A 3D rendering of an electric vehicle
Credit: Xia Yuan/Getty Images
What prevents people from switching to electric vehicles? For many, it is not just the up-front cost or range anxiety but the uncertainty surrounding their resale and salvage value. A major concern for financiers, specifically, is the battery, as it accounts for nearly 40 percent of an electric vehicle's (EV) total cost. The uncertain value of used EV batteries largely stems from difficulty in accurately determining their state of health (SoH), which is key to estimating remaining life, second-life potential, and the residual value of critical minerals like lithium, nickel, cobalt, and graphite.
To address these various issues, the United Nations Environment Programme and NITI Aayog, in collaboration with the Department of Science & Technology, Government of India, organized the Battery Summit 2025. This high-level event convened key stakeholders—including government representatives, industry leaders, academia, start-ups, and financial institutions—to deliberate on the critical challenges and emerging opportunities in the evolving battery ecosystem. One major proposed framework to come out of the event is the Battery Aadhaar, which could help boost circularity, reduce import dependence, and ensure long-term resource security and resilience. The core objective of this initiative is to assign a unique digital identity to each battery, enabling comprehensive traceability, regulatory compliance, and life cycle tracking.
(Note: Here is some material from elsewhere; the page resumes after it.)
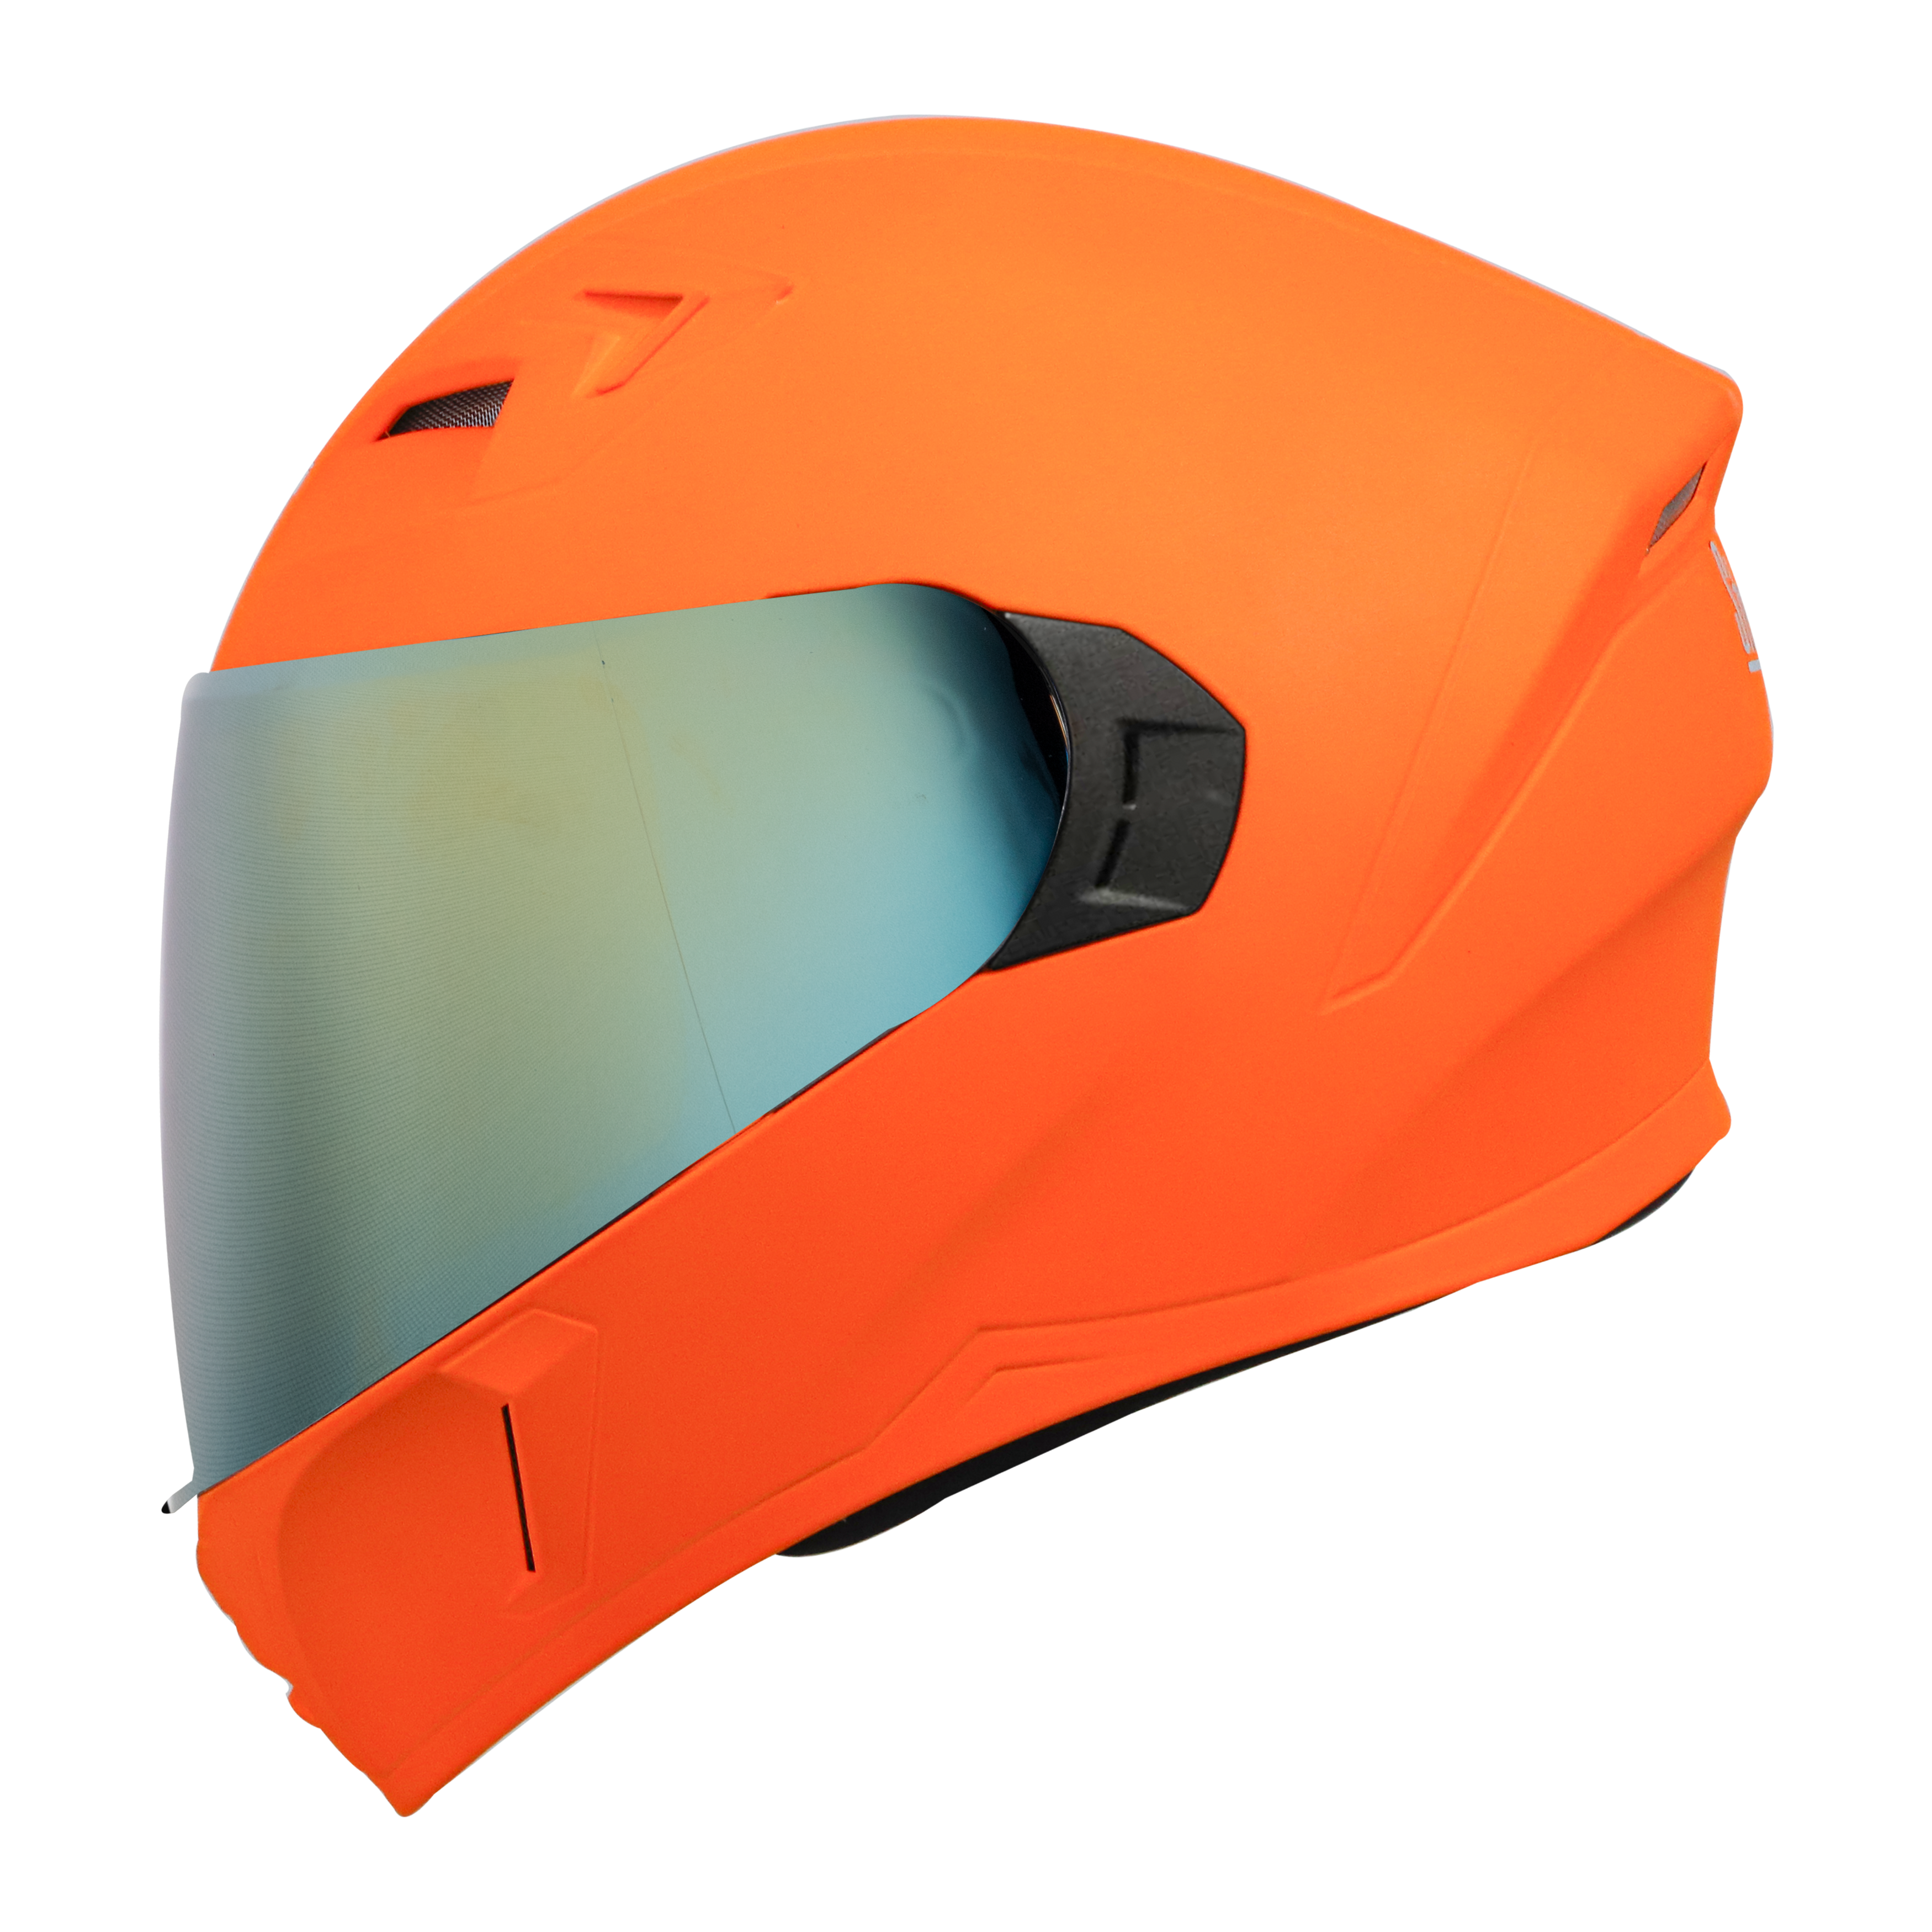 SBA-21 VFX GLOSSY FLUO ORANGE ( FITTED WITH CLEAR VISOR EXTRA CHROME GOLD VISOR FREE)

A battery recycling facility in Jingmen, China Credit: Qilai Shen/Bloomberg via Getty Images
Countries are taking action to extend battery life
Around the world, countries are increasingly focusing on strategies to extend the life cycle and economic value of EV batteries. These include both recycling—to recover critical minerals—and repurposing batteries for secondary applications like stationary energy storage, grid stabilization, and renewable energy integration. Such approaches not only support circular economy principles but also help lower the life cycle costs of batteries and reduce pressure on the demand for more raw materials. A few of these notable international strategies and initiatives:
- China introduced unique identification numbers for batteries in 2018, allowing for the tracking of their entire life cycle, from production to scrapping/second use and recycling. This regulation requires a national platform for EV batteries where EV manufacturers must register.
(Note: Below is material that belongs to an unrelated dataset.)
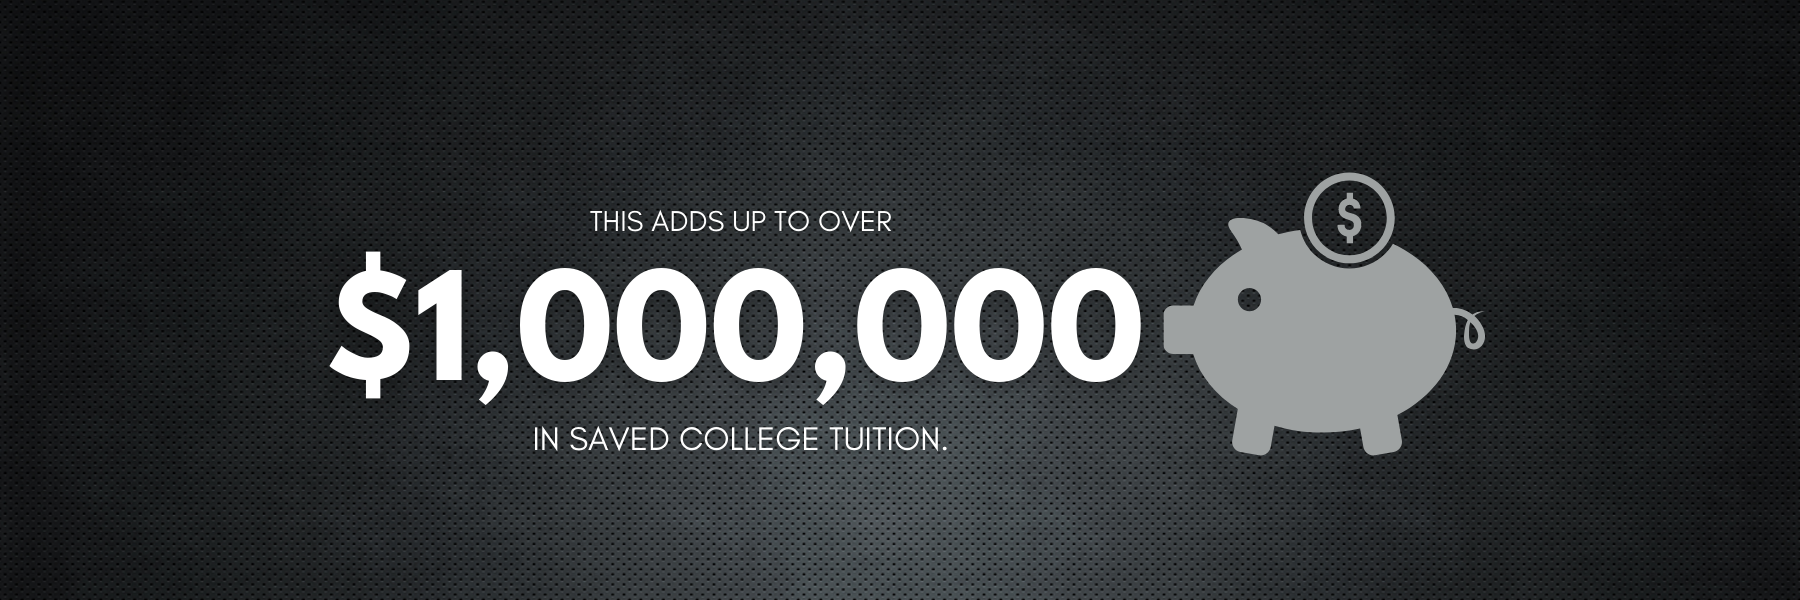 This adds up to over $1,000,000 in saved college tuition.

- The Council of the European Union adopted the EU Batteries Regulation in July 2023, aiming to achieve sustainable battery life cycles. The amendment mandates digital battery passports for EV and industrial batteries above 2 kilowatt-hours by February 2027, with physical batteries having a QR code as a unique product identifier. The passport must include unique information, production date, battery type, model, chemical composition, intended use, performance, durability statistics, and the carbon footprint of the battery.
Most batteries in India have yet to reach their end of life
India is currently in the early stages of EV adoption, and most batteries currently used in electric vehicles have not yet reached the end of their usable life. To promote circularity in the battery supply chain, India has introduced the Battery Waste Management Rules (2022) and Extended Producer Responsibility (EPR) mandates, which aim to establish a standardized mechanism for the collection, recycling, and reuse of used batteries to develop a sustainable end-of-life battery management plan that reduces the dependency on raw material imports.
In this context, establishing a framework like the proposed Battery Aadhaar could be instrumental in promoting battery circularity by providing complete life cycle traceability—from production to repurposing and eventual recycling.
The “Battery Aadhar” framework: A key to establishing battery circularity in India
The uncertain value of used EV batteries largely stems from the difficulty in accurately determining their state of health. Without real-time insights of battery health and battery usage, a financier’s ability to assess asset risk is hindered. The lack of strong regulations and circular infrastructure leads to resource loss. Lack of standard metrics complicates the valuation of batteries for resale, refinancing, or buyback, which stalls the growth of the second-hand EV market. Building a closed-loop battery ecosystem is essential to boosting circularity, reducing import dependence, and ensuring long-term resource security and resilience. In comes the Battery Aadhar framework.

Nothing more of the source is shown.